** Exercise brief **
From the listing below, please restate exactly the lines beginning at the one with "Jeremy Corbyn has" and ending at the one with "A Glimpse into", both included, and skip the pictures.

** Listed records **
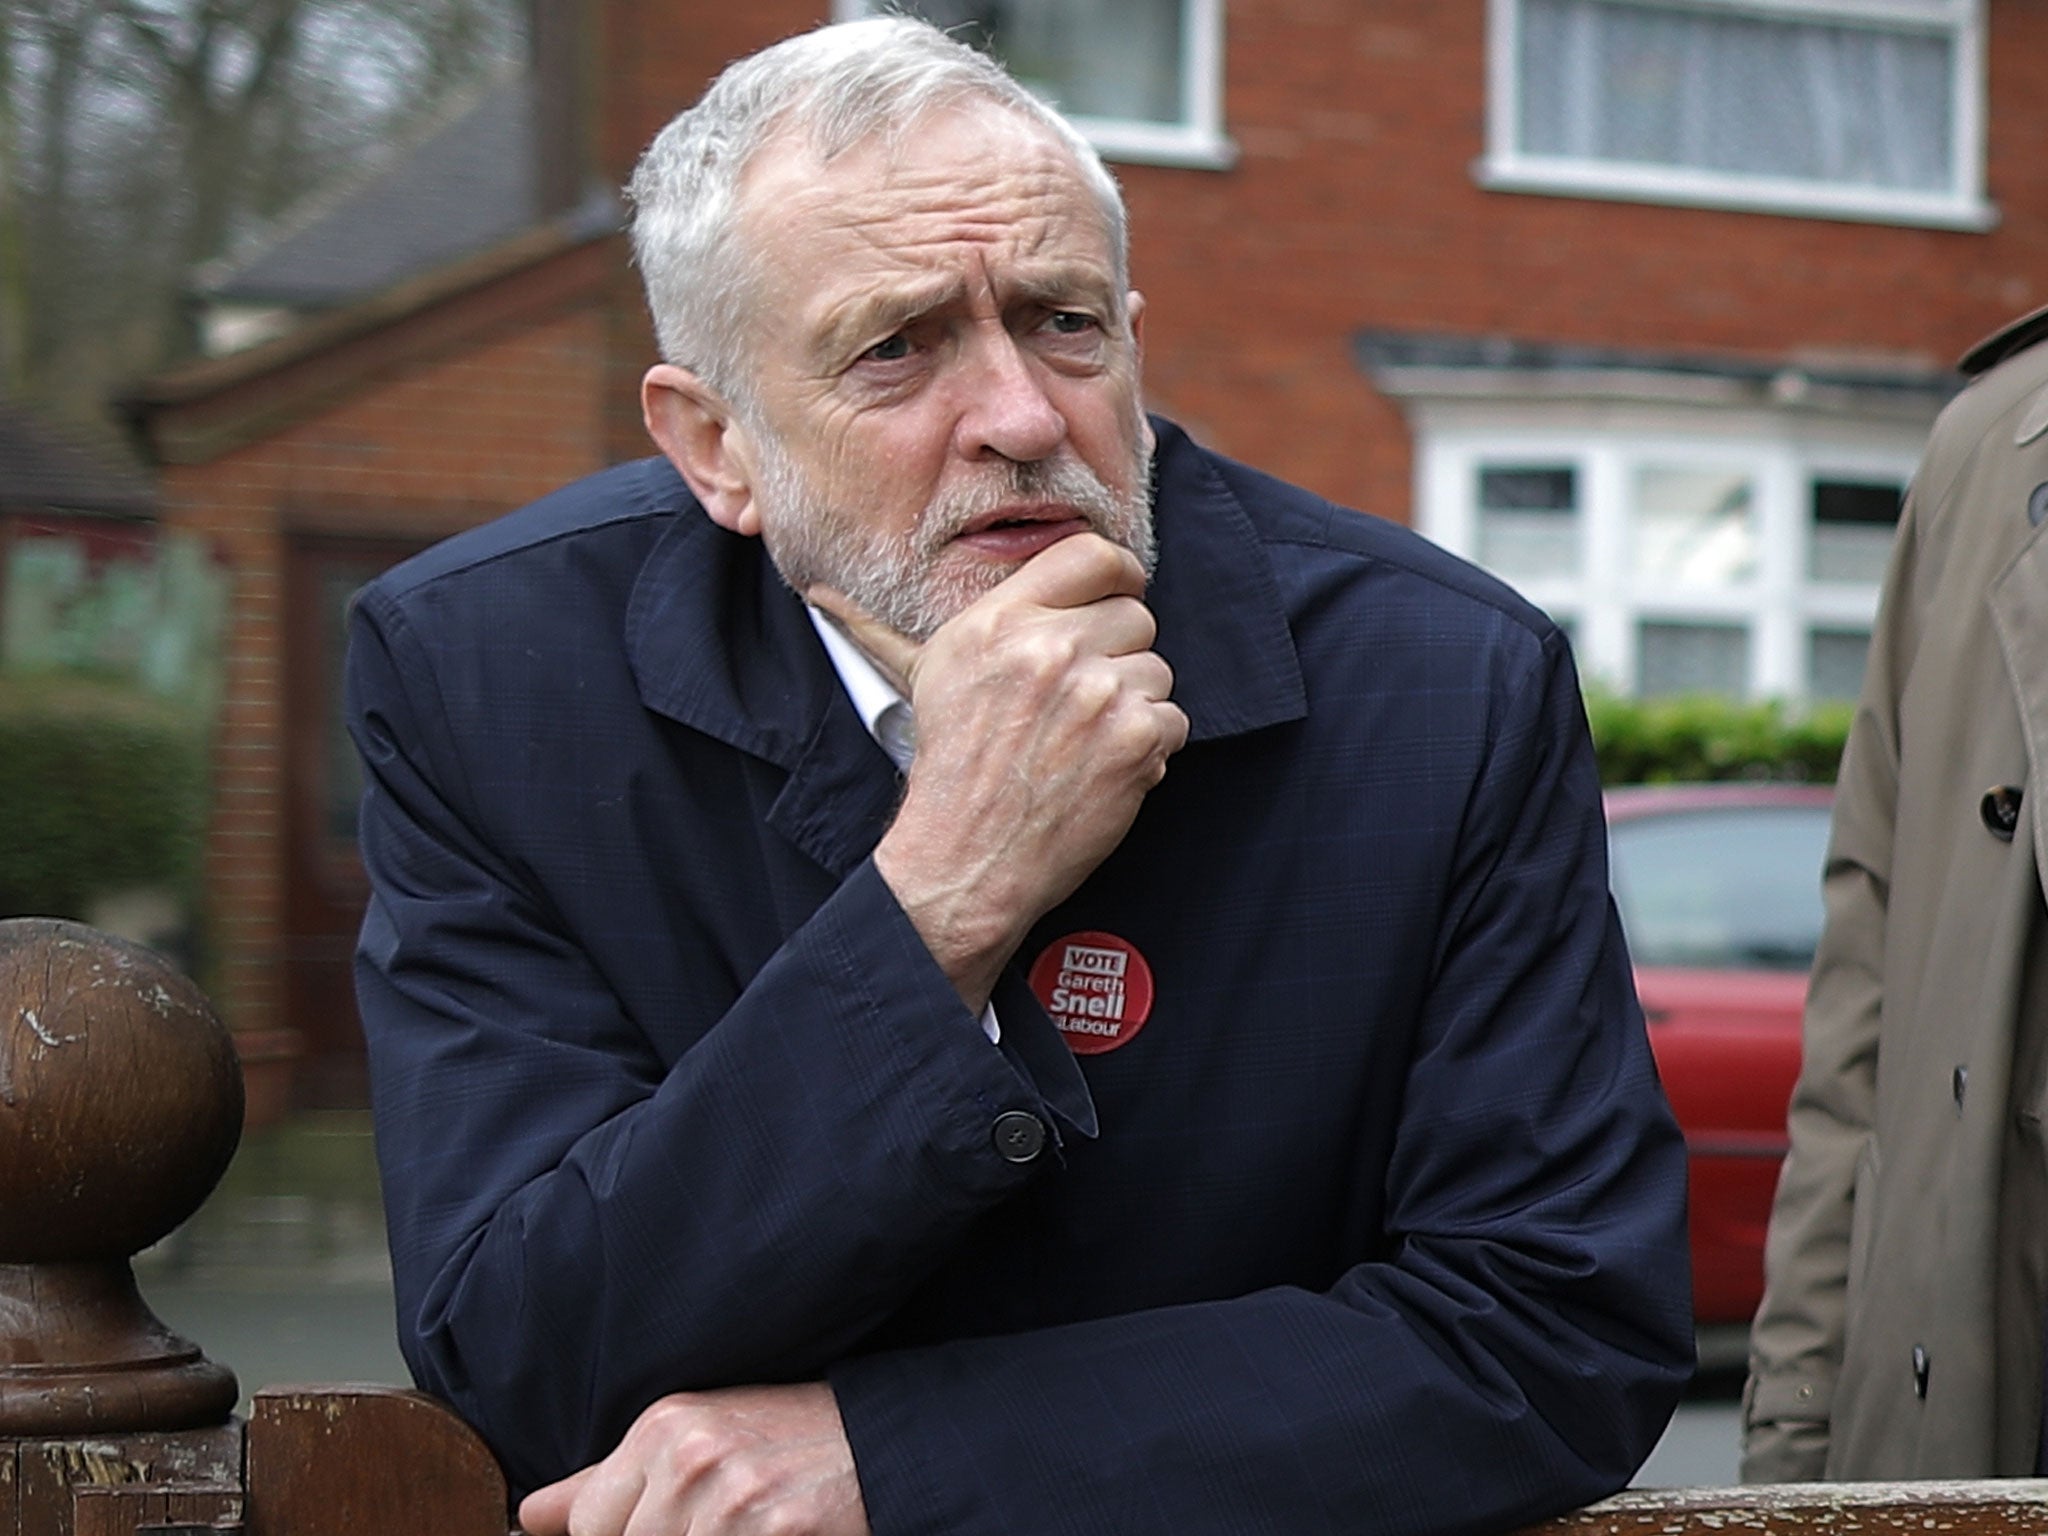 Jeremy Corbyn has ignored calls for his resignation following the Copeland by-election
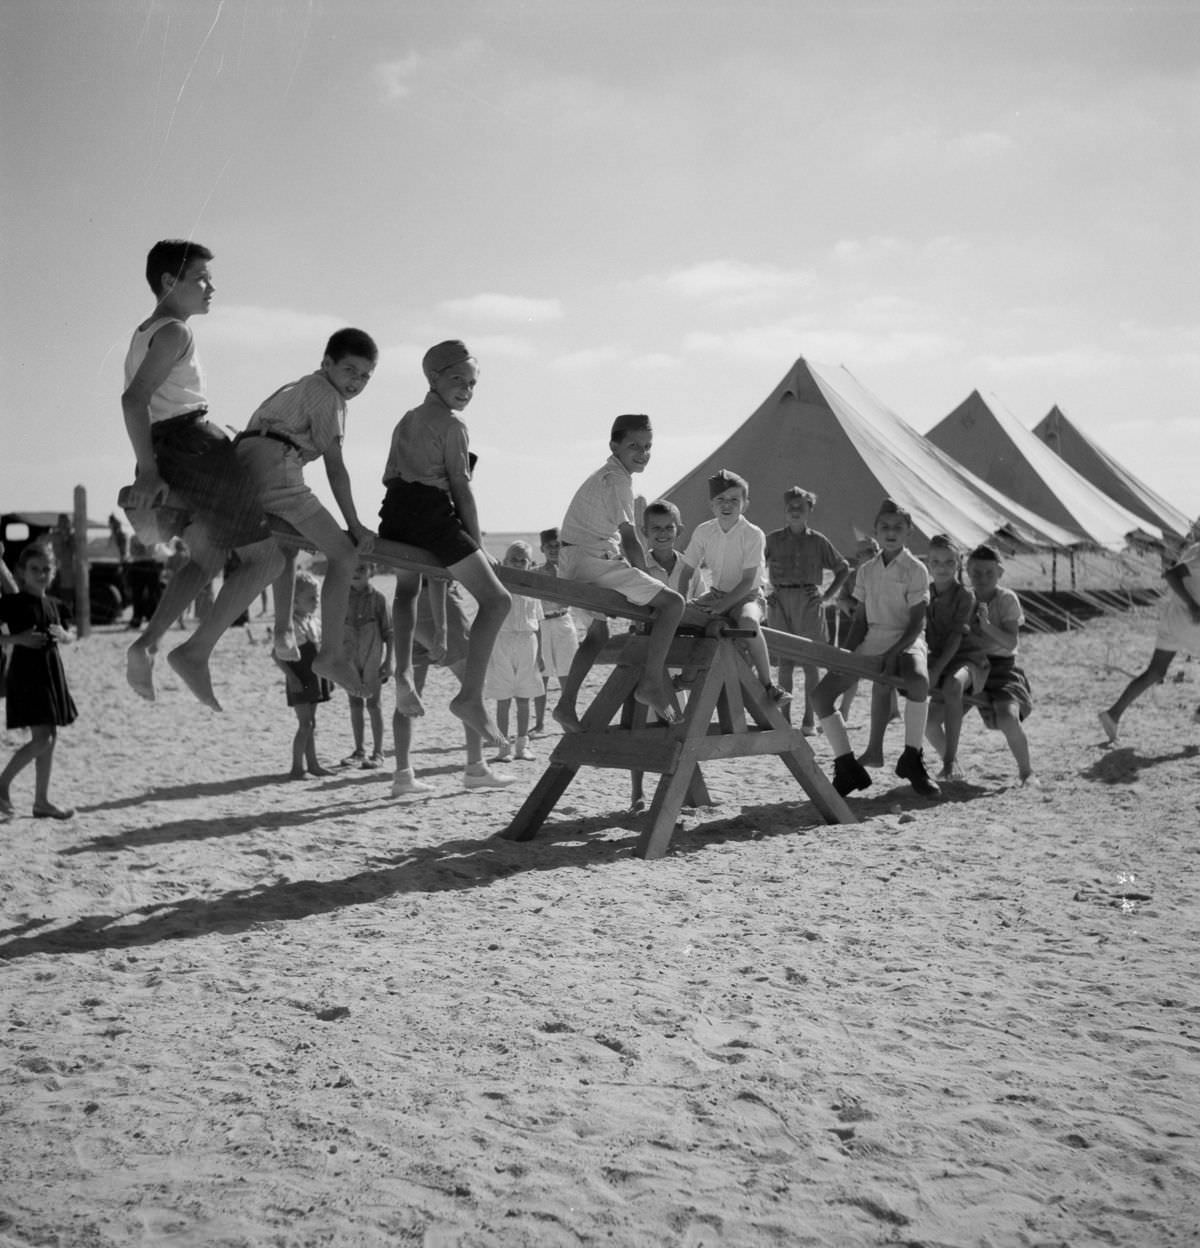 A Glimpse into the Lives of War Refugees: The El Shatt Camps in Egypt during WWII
* * *
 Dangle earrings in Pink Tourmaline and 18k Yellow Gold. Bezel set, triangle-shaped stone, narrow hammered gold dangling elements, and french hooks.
...
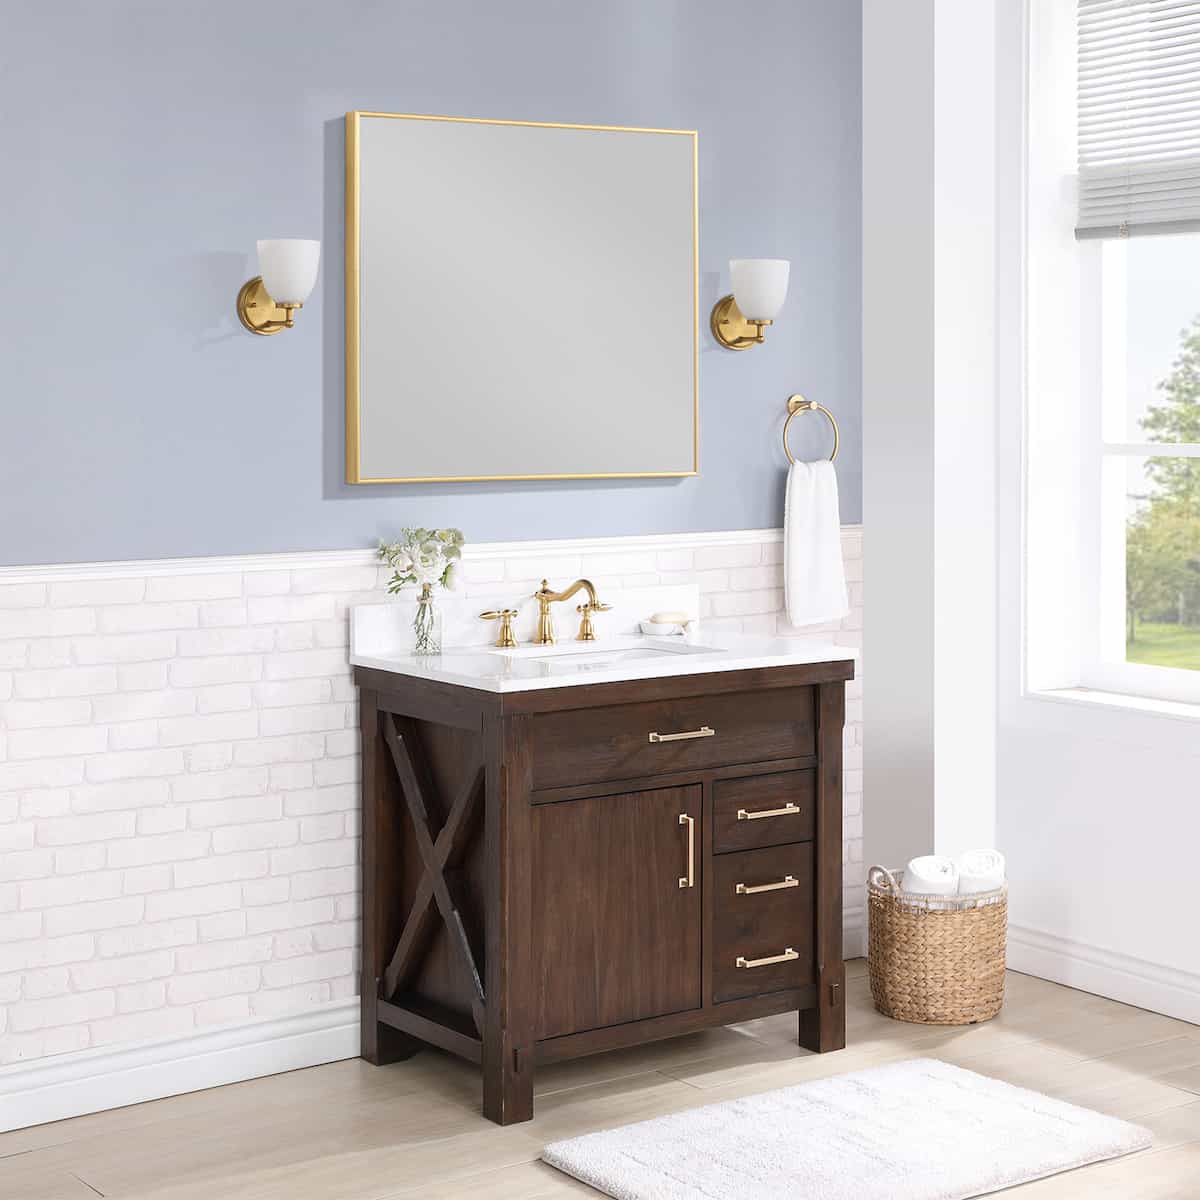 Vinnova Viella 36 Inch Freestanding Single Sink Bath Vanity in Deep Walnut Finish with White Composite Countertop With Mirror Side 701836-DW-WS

** Task result **
 Jeremy Corbyn has ignored calls for his resignation following the Copeland by-election
 A Glimpse into the Lives of War Refugees: The El Shatt Camps in Egypt during WWII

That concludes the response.